▸ Aim of the exercise
Pictures are to be dropped from the copy. Retype the listing exactly.

▸ Information supplied
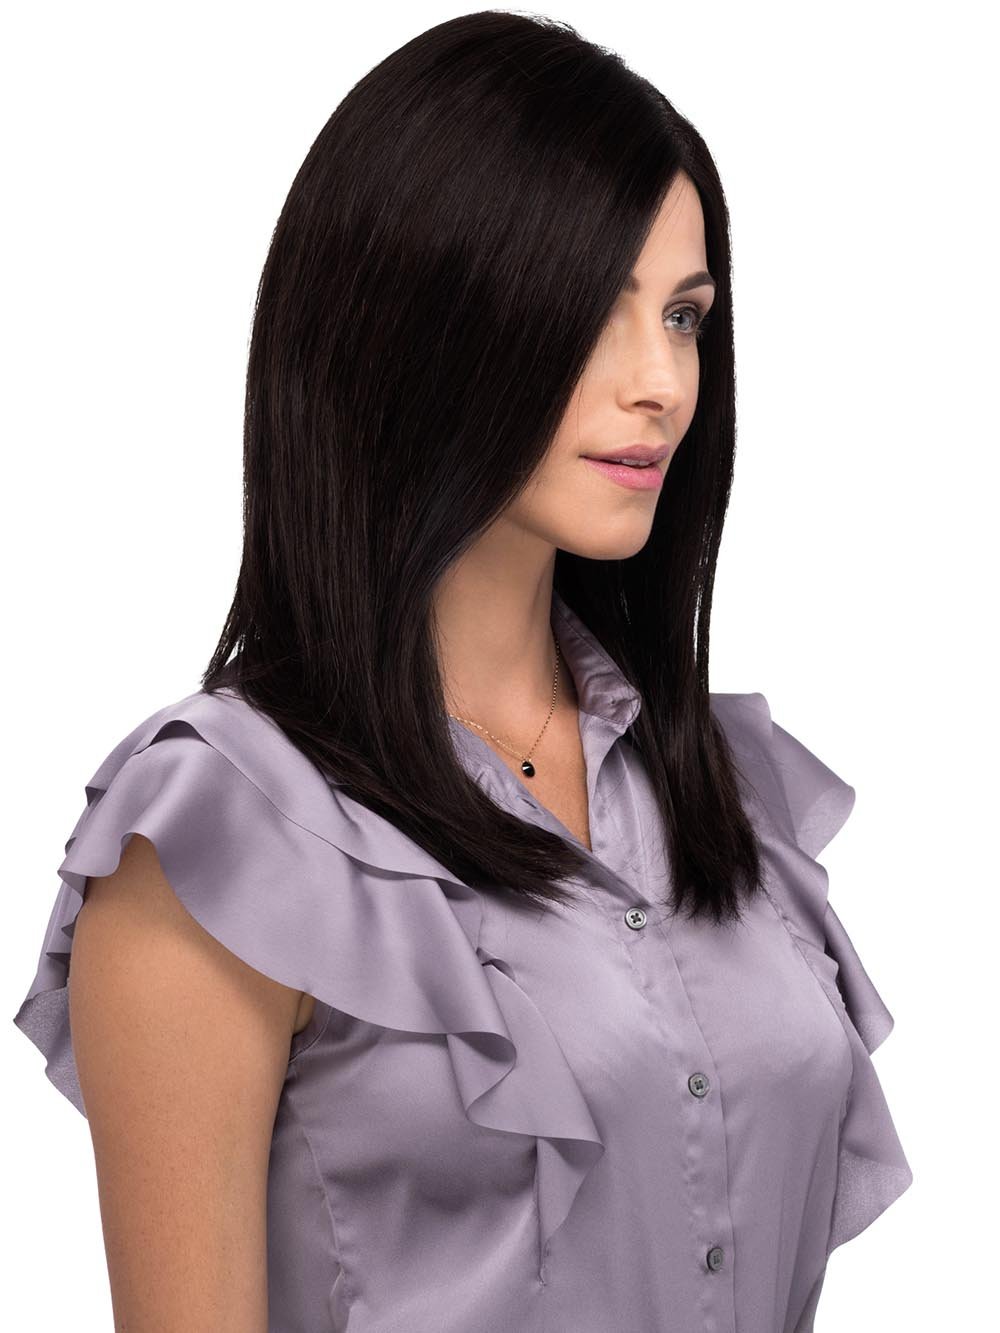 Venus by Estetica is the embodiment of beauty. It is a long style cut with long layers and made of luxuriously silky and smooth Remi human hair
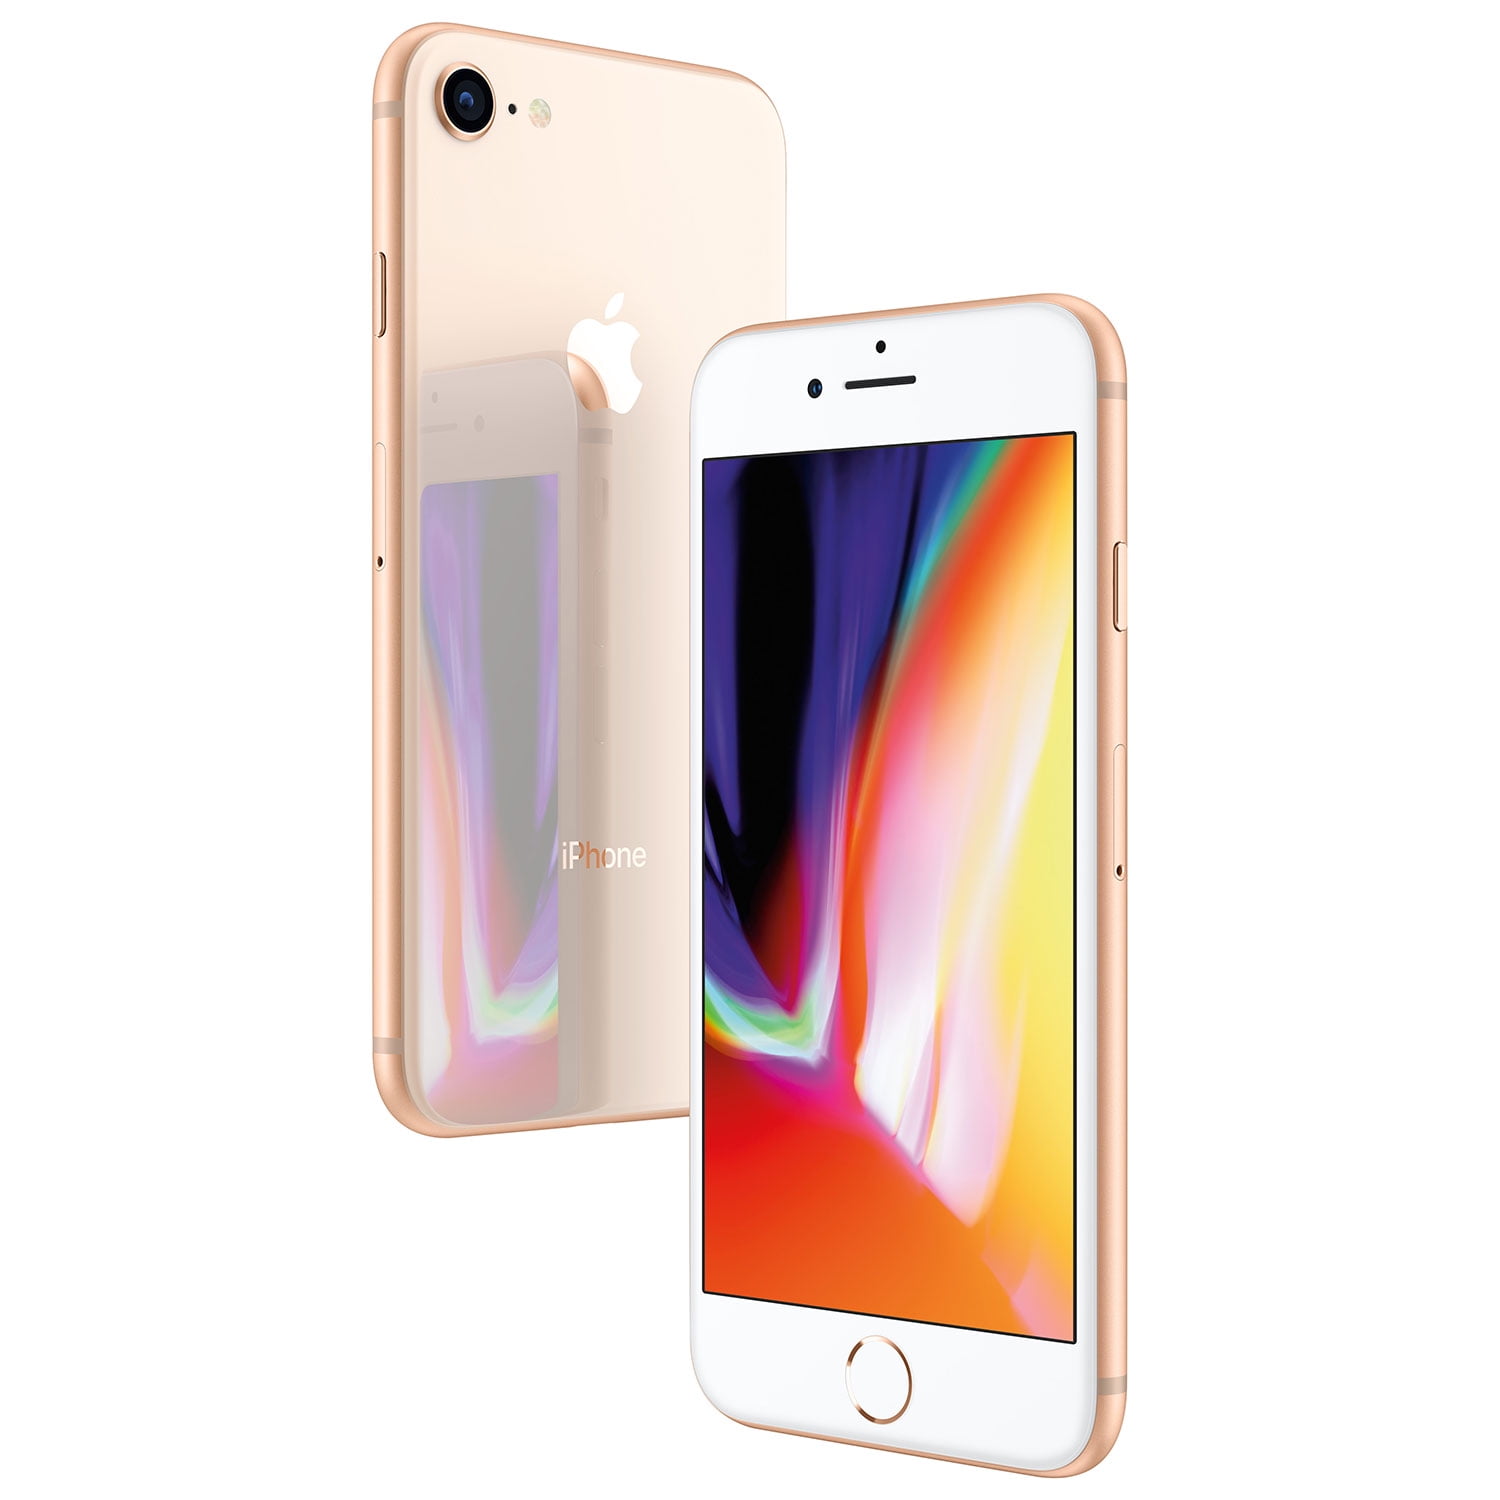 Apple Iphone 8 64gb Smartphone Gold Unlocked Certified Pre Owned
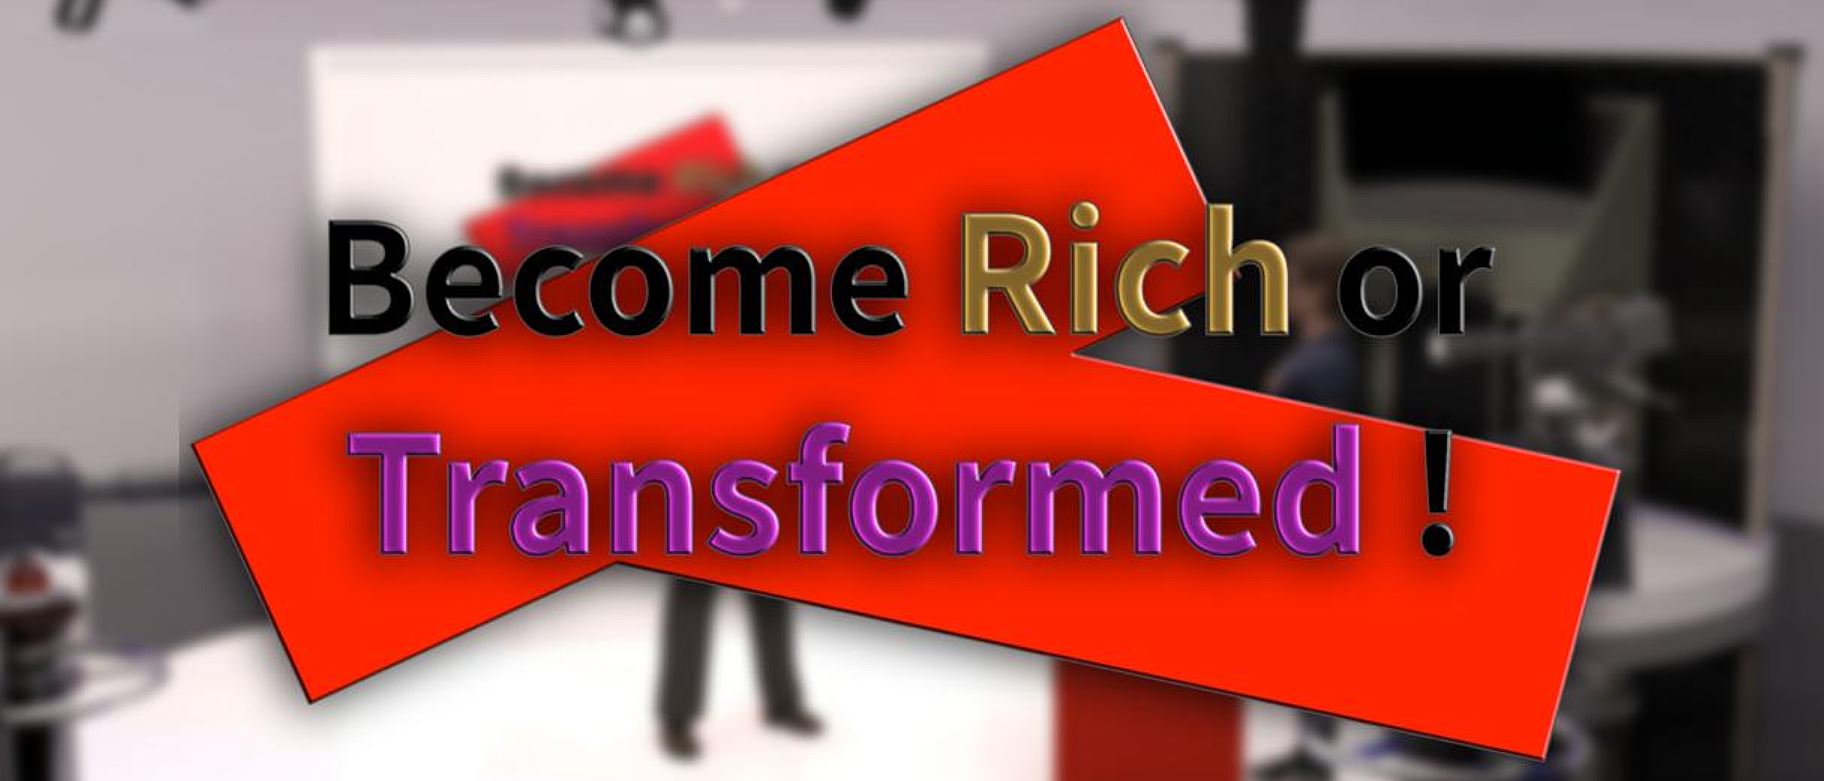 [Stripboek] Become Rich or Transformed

▸ Completed task
 Venus by Estetica is the embodiment of beauty. It is a long style cut with long layers and made of luxuriously silky and smooth Remi human hair
 Apple Iphone 8 64gb Smartphone Gold Unlocked Certified Pre Owned
 [Stripboek] Become Rich or Transformed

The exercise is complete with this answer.